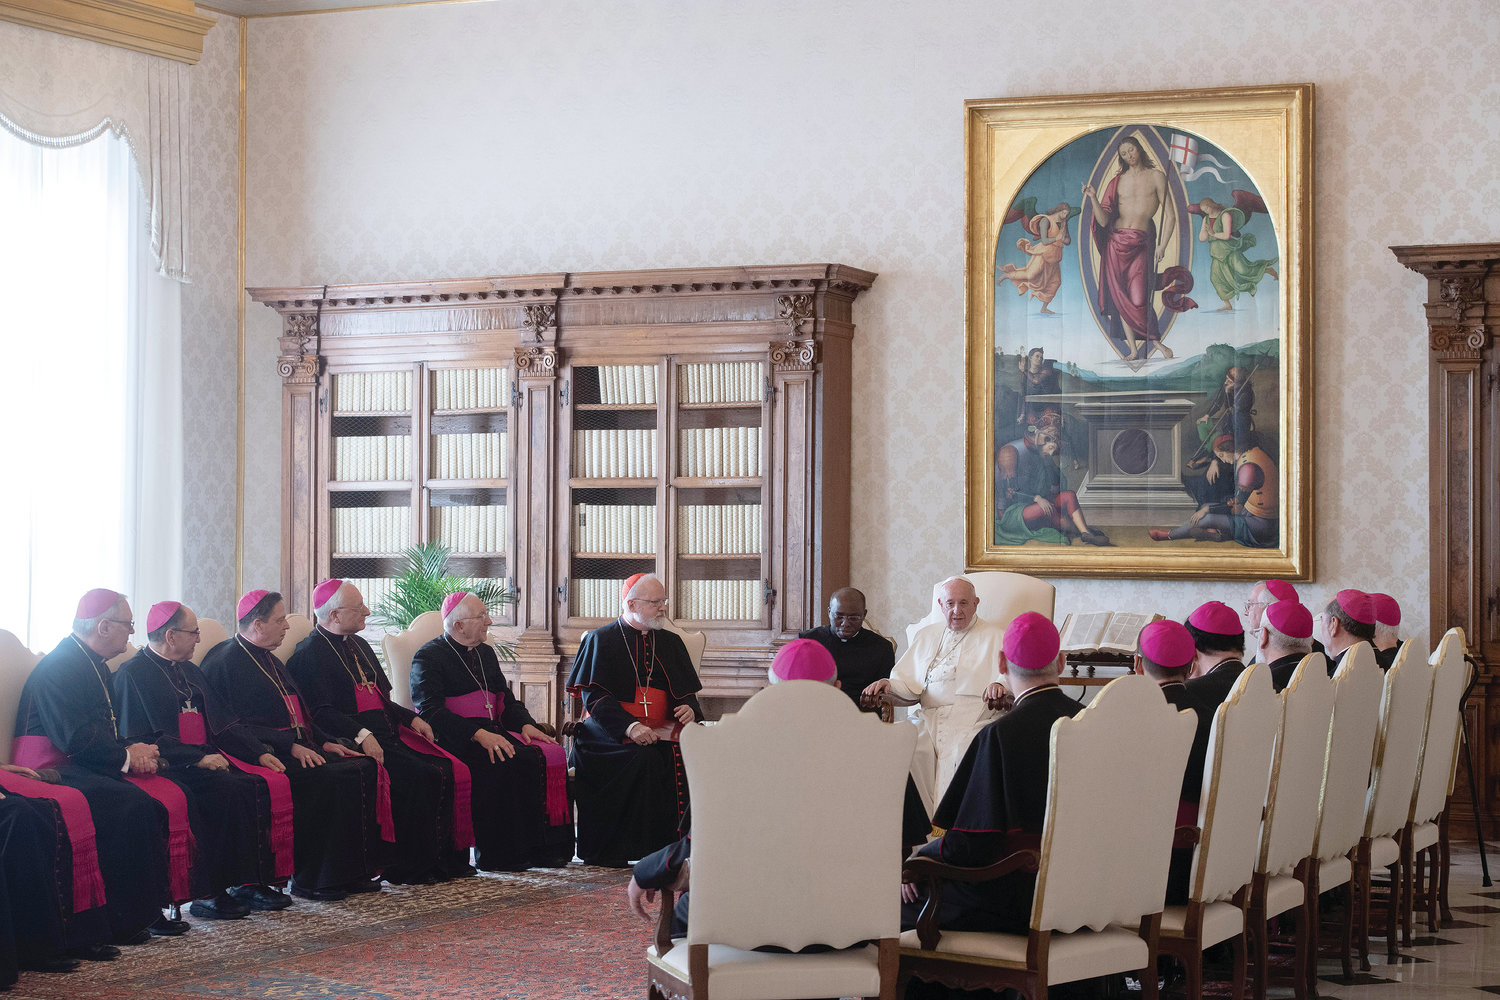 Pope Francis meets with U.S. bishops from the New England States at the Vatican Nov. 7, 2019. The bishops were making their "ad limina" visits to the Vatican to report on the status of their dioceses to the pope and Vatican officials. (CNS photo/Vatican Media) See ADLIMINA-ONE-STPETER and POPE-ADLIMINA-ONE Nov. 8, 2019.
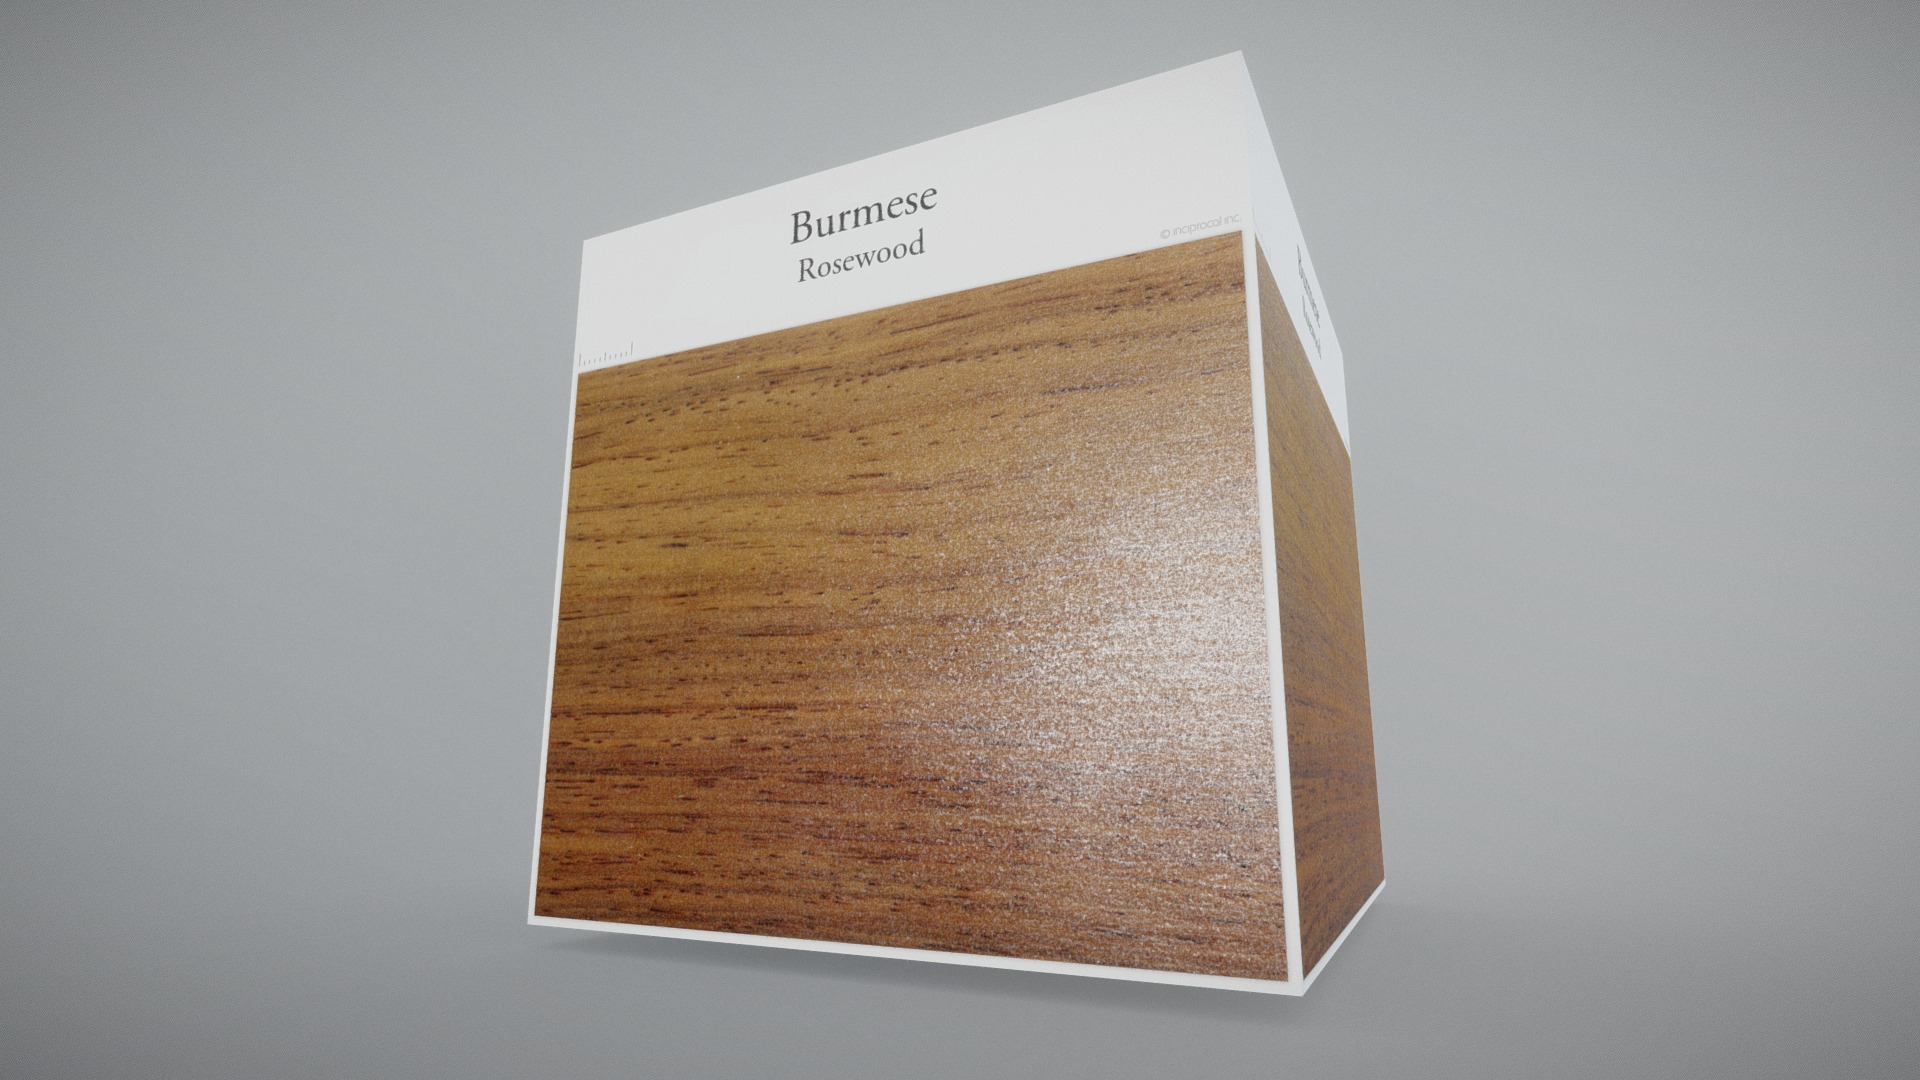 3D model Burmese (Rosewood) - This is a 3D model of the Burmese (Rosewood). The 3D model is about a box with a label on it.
----------------------------------------
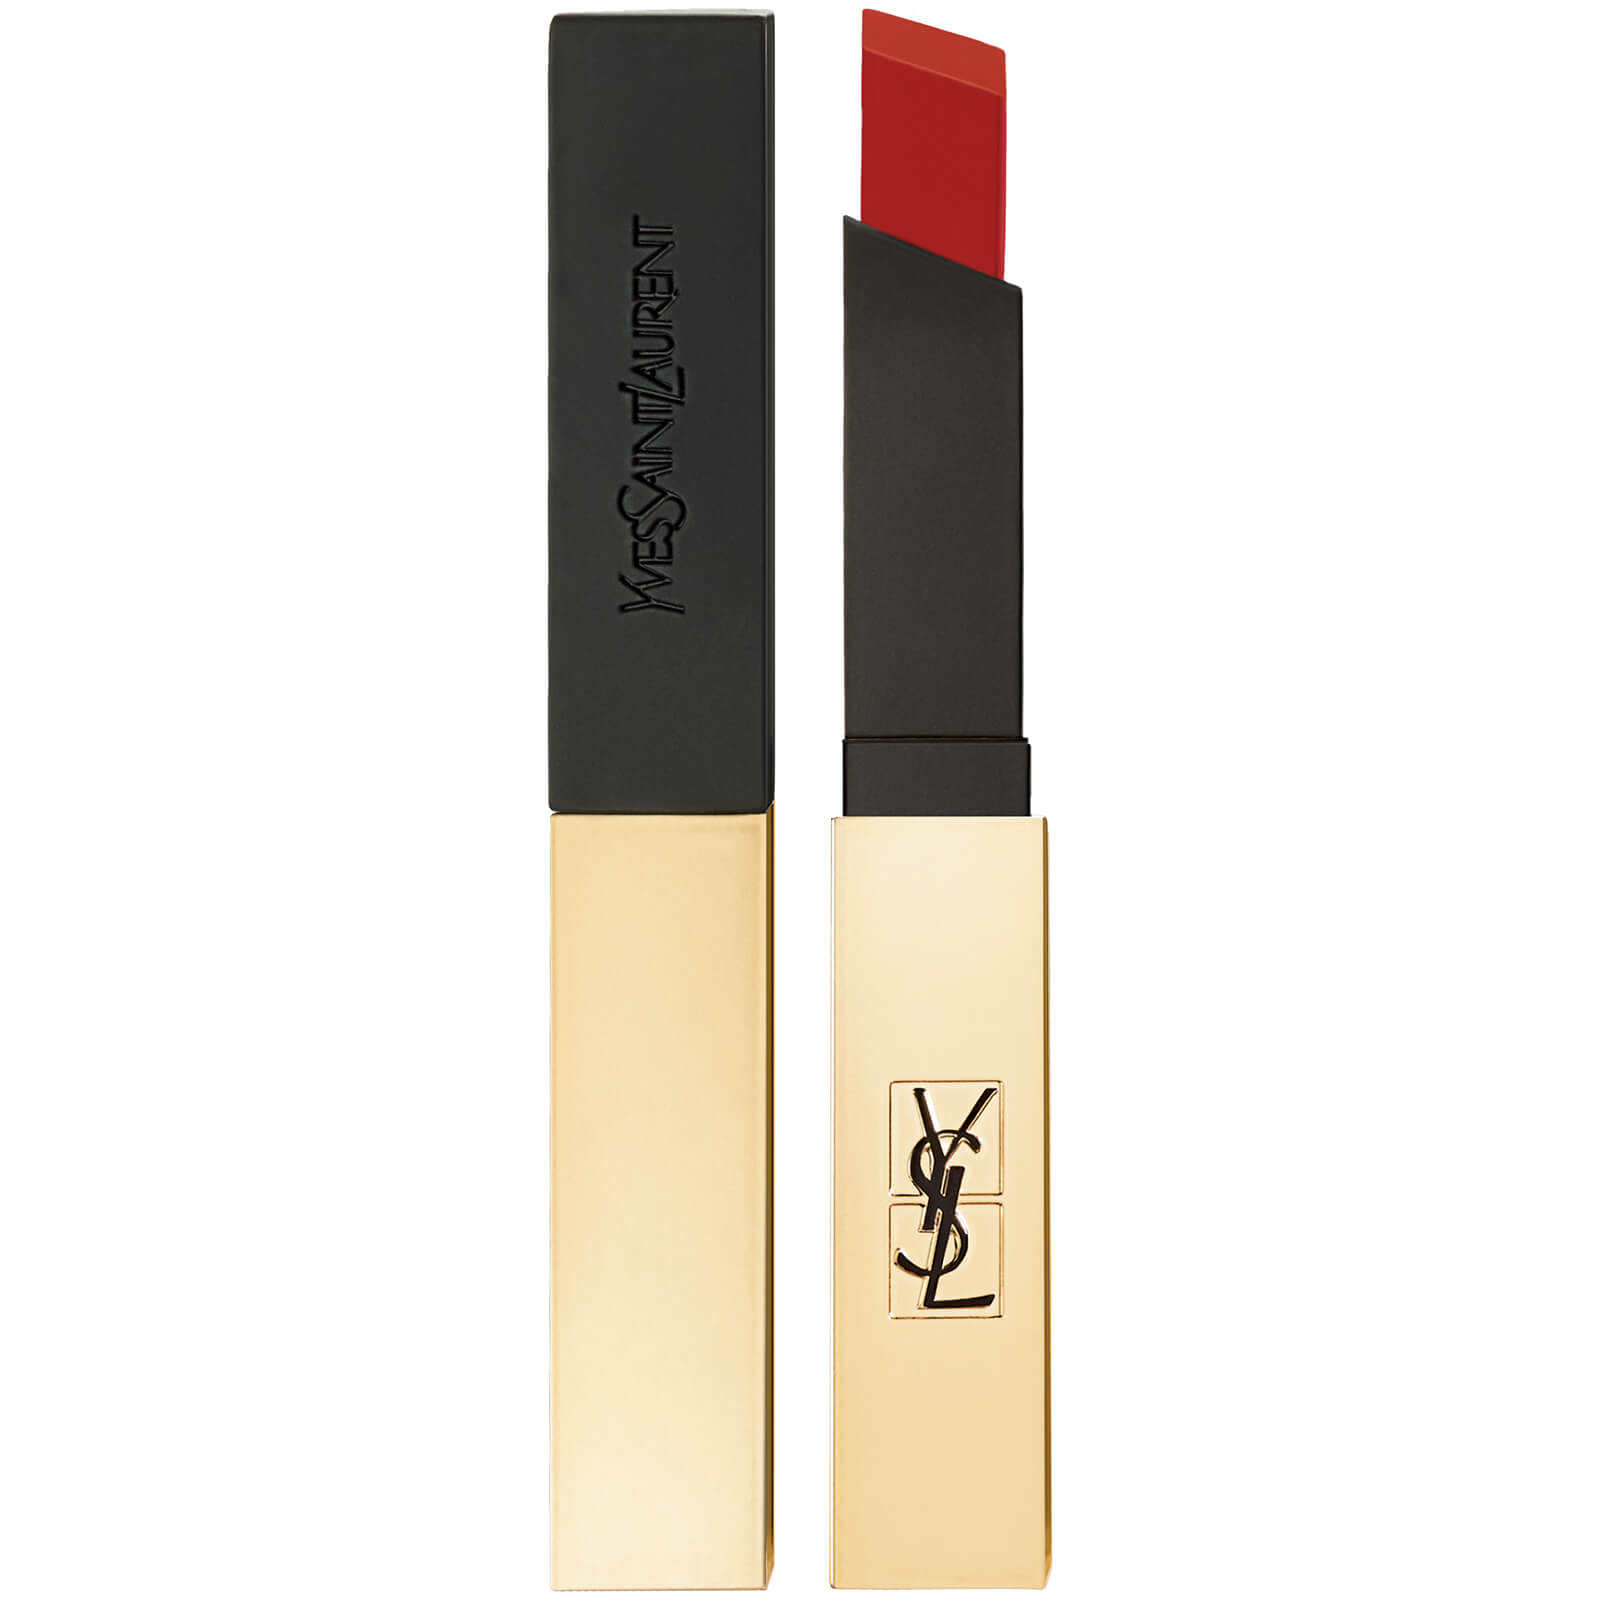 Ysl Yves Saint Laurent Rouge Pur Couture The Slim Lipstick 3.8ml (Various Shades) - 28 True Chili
----------------------------------------
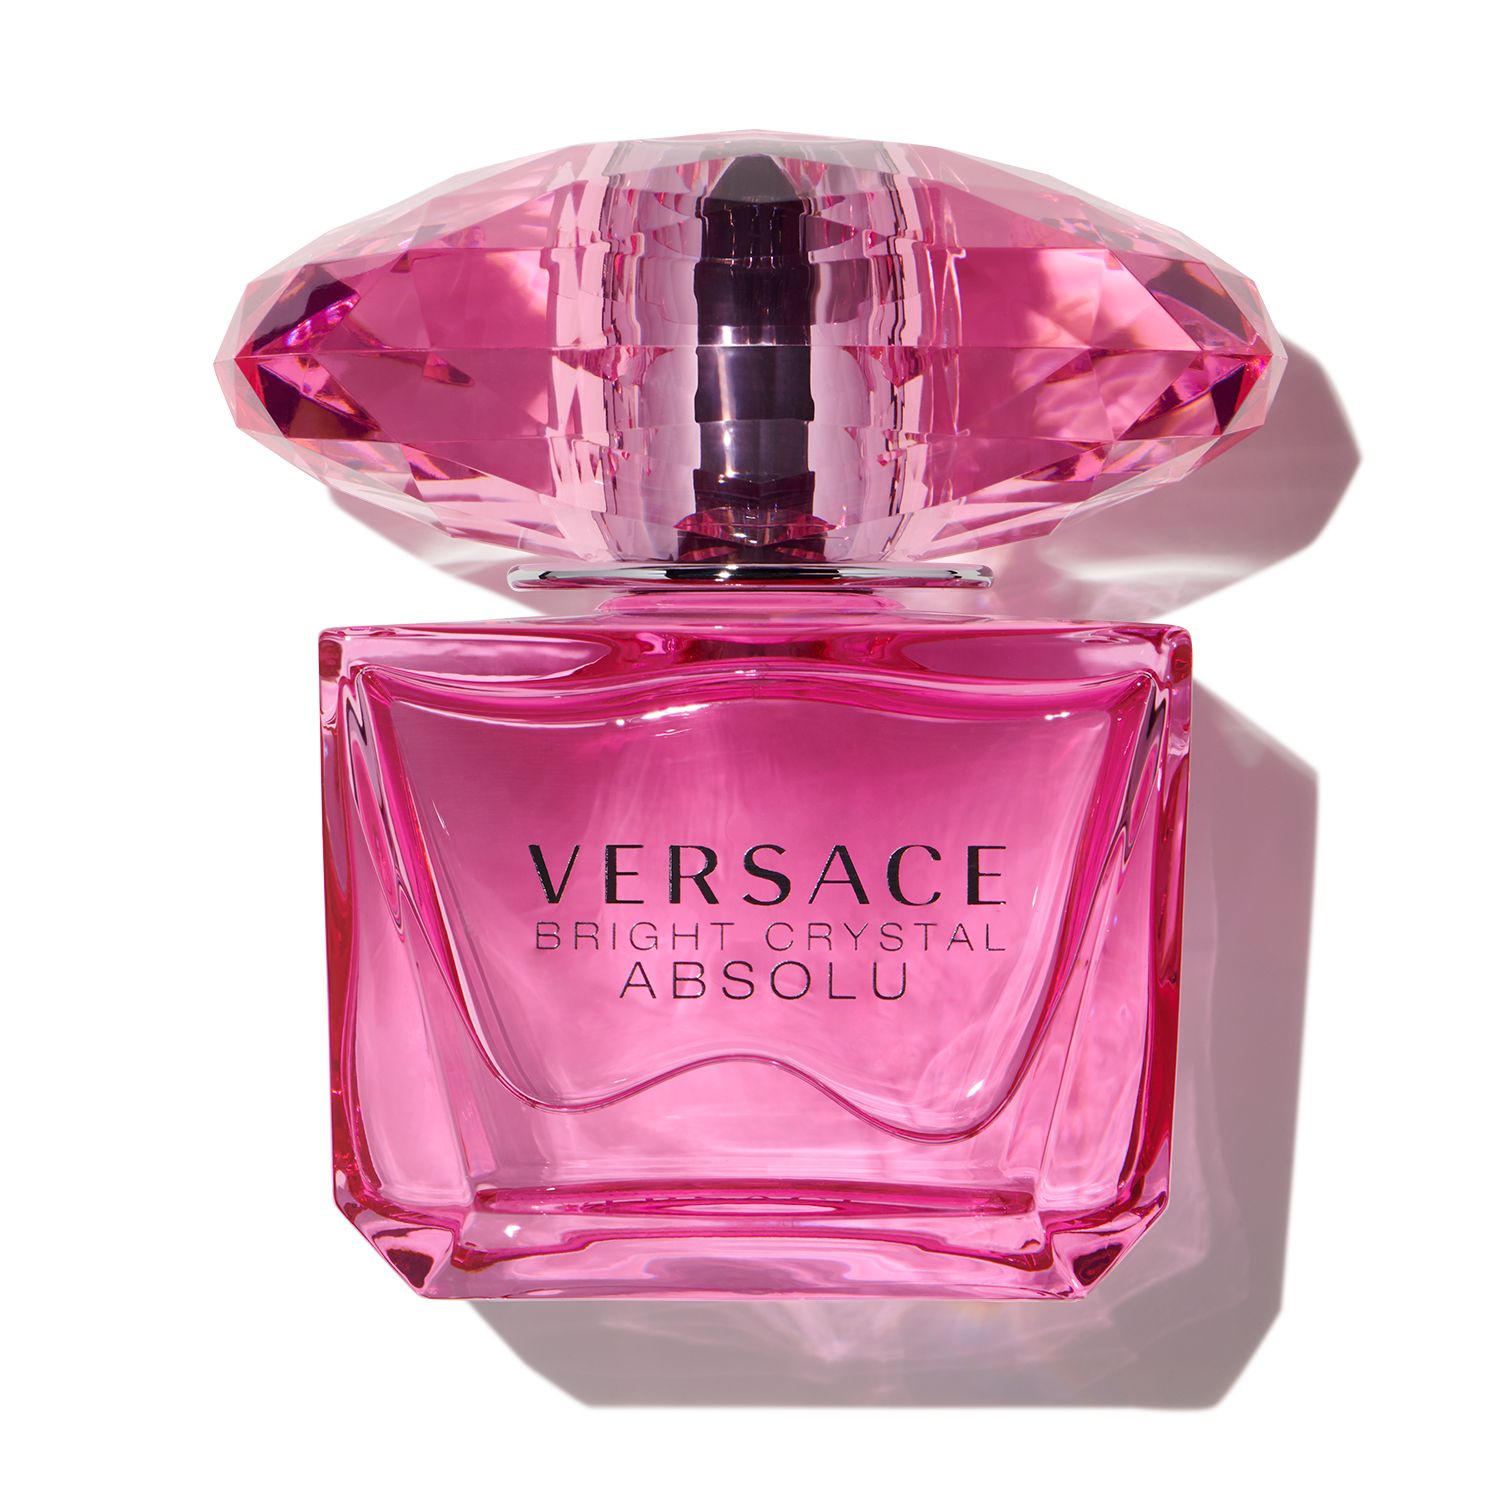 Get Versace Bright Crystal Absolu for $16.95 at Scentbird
----------------------------------------
→ AIM OF THE TASK: Among the records above, locate the line containing "Pope Francis meets" and the line containing "3D model Burmese", then transcribe exactly the lines starting at the first and ending at the second, with no pictures.

→ SOLUTION FOR THIS PROBLEM:
 Pope Francis meets with U.S. bishops from the New England States at the Vatican Nov. 7, 2019. The bishops were making their "ad limina" visits to the Vatican to report on the status of their dioceses to the pope and Vatican officials. (CNS photo/Vatican Media) See ADLIMINA-ONE-STPETER and POPE-ADLIMINA-ONE Nov. 8, 2019.
 3D model Burmese (Rosewood) - This is a 3D model of the Burmese (Rosewood). The 3D model is about a box with a label on it.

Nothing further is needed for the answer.